### ... like I'm 5 years old

Imagine a series of numbers where each number is the sum of the two preceding ones. That's the Fibonacci sequence. It starts with 0 and 1, and continues like this: 0, 1, 1, 2, 3, 5, 8, 13, 21, 34, and so on. The pattern is pretty simple: just add the last two numbers to get the next one.

The sequence gets its name from the Italian mathematician Leonardo of Pisa, also known as Fibonacci. He introduced it to the Western world in his 1202 book "Liber Abaci," but the sequence had been previously described in Indian mathematics.

Think of it like this: you have two bags of apples. The first bag has 0 apples. The second bag has 1 apple. Now, for every new bag, you take all the apples from the previous two bags and put them in the new bag. That's the Fibonacci sequence.

### ... like I'm in College

The Fibonacci sequence is not just a random series of numbers. It has some fascinating properties and patterns. For instance, if you divide a number in the sequence by the number before it, you get a ratio that hovers around 1.618. This number is known as the Golden Ratio, a mathematical concept that appears in various areas of art, architecture, and nature.

In addition, the Fibonacci sequence is related to the Fibonacci Spiral, a series of quarter circles inside squares whose side lengths are Fibonacci numbers. This spiral shows up in various aspects of nature, from the arrangements of leaves on a stem to the shape of a Nautilus shell.

Suppose we have a box of Lego bricks. We pick one 1-stud brick and place it on the table - this represents the first number in the Fibonacci sequence, 1. Then we take another 1-stud brick and place it next to the first one - this represents the second number, also 1.

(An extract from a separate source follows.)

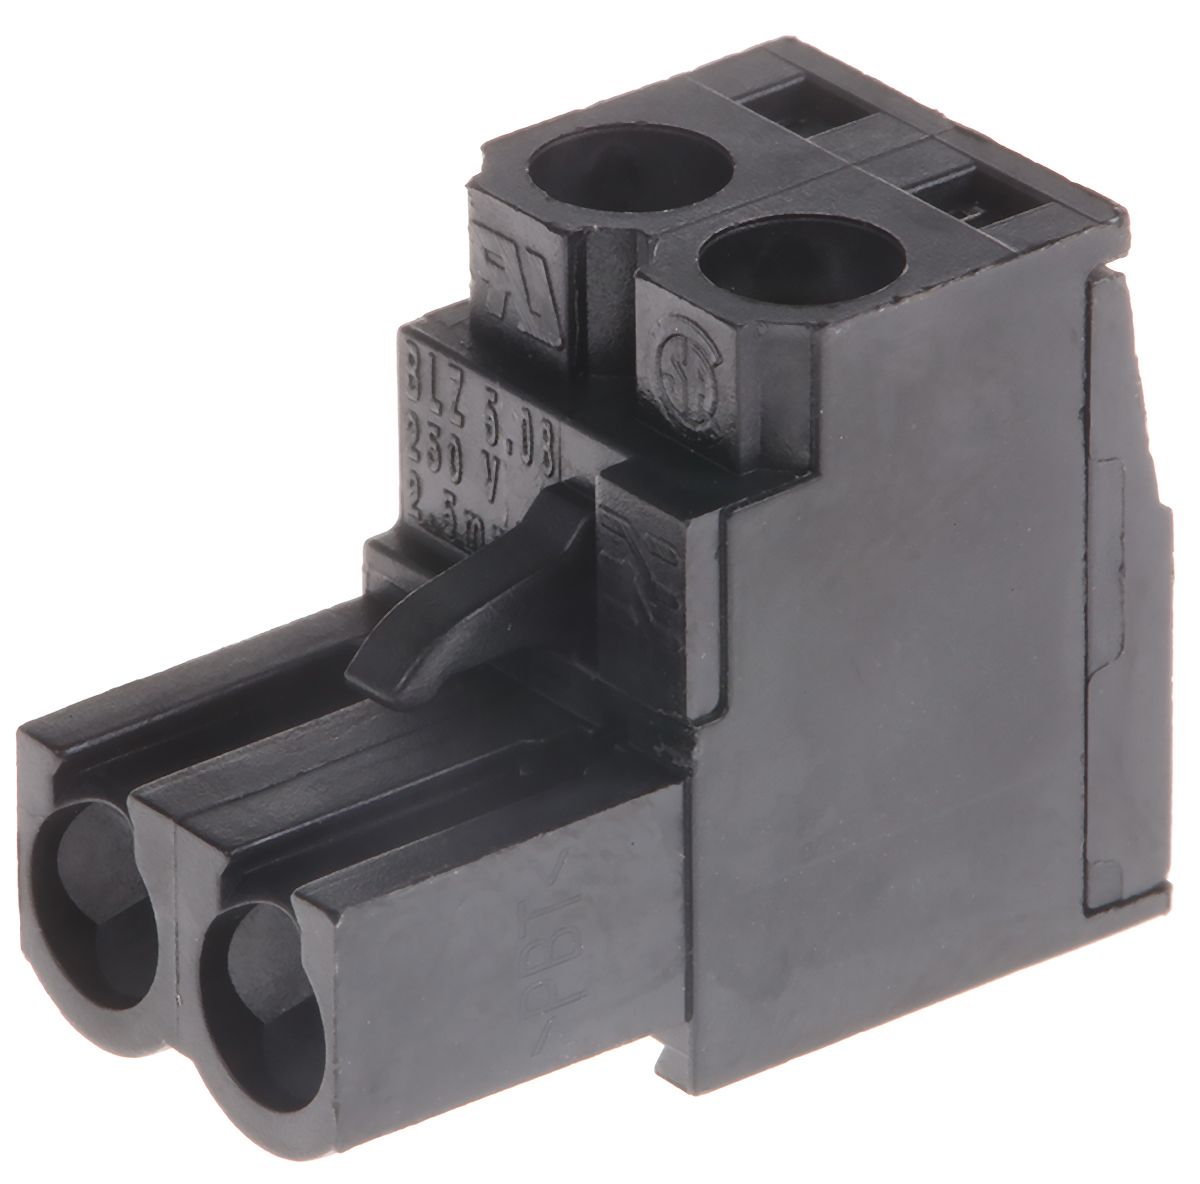 Weidmuller BL 5.08 2-pin Pluggable Terminal Block, 5.08mm Pitch Rows

Now, to represent the next number in the sequence, we take a 2-stud brick (since 1+1=2) and place it next to the first two. For the next number, we combine a 2-stud and 1-stud brick to make a 3-stud brick. Then, to get a 5-stud brick, we combine the 3-stud and 2-stud bricks. We can continue this process to build bricks representing larger Fibonacci numbers.

This Lego representation helps visualize the additive nature of the Fibonacci sequence and how each number is built from the sum of the previous two.

### ... like I'm an expert

As a mathematician, you're aware that Fibonacci numbers have numerous applications and appear in many branches of mathematics. They're used in Euclidean geometry, number theory, and combinatorics, to name a few. For example, the number of ways to tile a board of size n with squares and rectangles is a Fibonacci number.

Fibonacci numbers also have a close relationship with the Lucas numbers, another integer sequence. They're also linked to the golden ratio, and this connection can be used to derive Binet's formula for finding the nth Fibonacci number.